On June 19, 1778, the Continental Army left Valley Forge in pursuit and engaged the British in the Battle of Monmouth on an extremely hot June 28. Here the Second Pennsylvania served in a provisional brigade commanded by Lt. Col. Aaron Burr and made a charge from the American left flank into a British force trying to assault the American center. It halted the British attack but was itself compelled to retire under subsequent artillery fire. The regiment lost two men wounded in this action.

On July 1, 1778, the regiment absorbed the remainder of the 13th Pennsylvania Regiment, most of its men's enlistments having expired. The colonel of the 13th, 23-year-old Walter Stewart, became the Second's new commander. Joseph Howell Jr., previously a captain in Pennsylvania Musketry Battalion before being taken prisoner at the August 1776 Battle of Long Island, was appointed as regimental paymaster with the rank of major. The young officer, nicknamed "The Irish Beauty" by the ladies of Philadelphia, was a close friend of Anthony Wayne's and was well acquainted with Washington. He was an able leader with a reputation of taking care of the welfare of his men. Diarist Joseph Plumb Martin described him as "an excellent officer, much beloved and respected by the troops of the Line he belonged to."

Under Stewart, the regiment operated along the New York-New Jersey border and moved to Middlebrook, New Jersey, in early December for the winter of 1778-79. There is no particular record that the unit was involved in any fighting that summer, but in October 1779, it had 452 officers and men with Wayne at West Point. From there it moved to Morristown, New Jersey, for the encampment in Jockey Hollow where it endured the most brutal winter of the 18th century.
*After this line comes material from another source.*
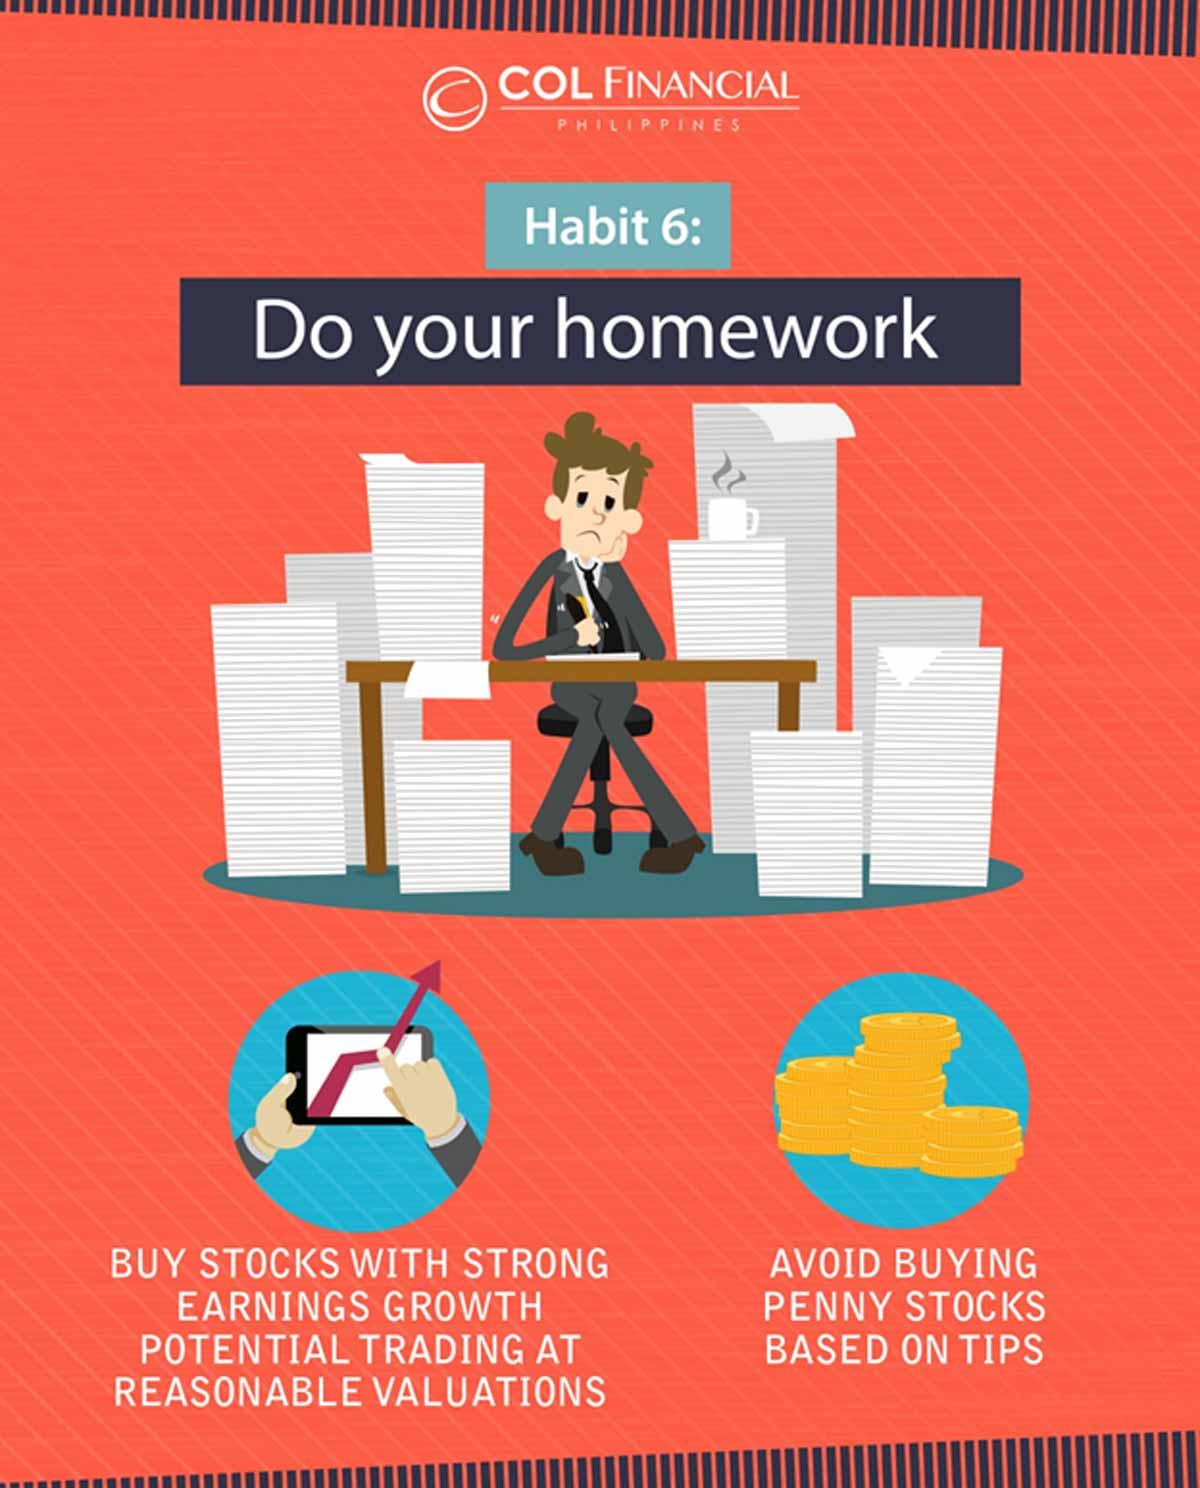 10-habits-of-happy-investors-col-financial-do-your-homework

When spring came, the regiment was again actively engaged in patrols and skirmishes with British forays from New York. On May 18, the unit lost a junior officer killed in a fight at Paramus. On June 7. it fought at Connecticut Farms and on June 21 was at "the blockhouse" at Bergen Heights, where it joined the First Pennsylvania Regiment in a gallant but futile headlong charge on a sturdy Loyalist fortification despite the attempts of the officers to restrain the men. Two lieutenants were mortally wounded here and a number of men killed.

On September 21, the regiment was in Hartford, Connecticut, with Wayne to greet French General Rochambeau. On September 25, it rushed from Tappan, New York, to West Point to reinforce the garrison there after Benedict Arnold's treachery was discovered.

In December, the 2nd Regiment returned to Morristown for another winter. On January 1, 1781, a mutiny of the Pennsylvania troops transpired. At first, the regiment refused to join the mutineers, but were finally forced to when the other troops threatened them at bayonet point and with artillery.

The resulting restructuring of the Pennsylvania Line perpetuated a 2nd Regiment among the state's six reorganized units, with Walter Stewart still in command. However, the men who remained in service were all redistributed among all these units and this establishment was mostly on paper.

The old 2nd Pennsylvania ceased to exist before the final campaign in Virginia and South Carolina, although former members of the regiment were battle casualties at Green Springs on July 6 and Yorktown in October.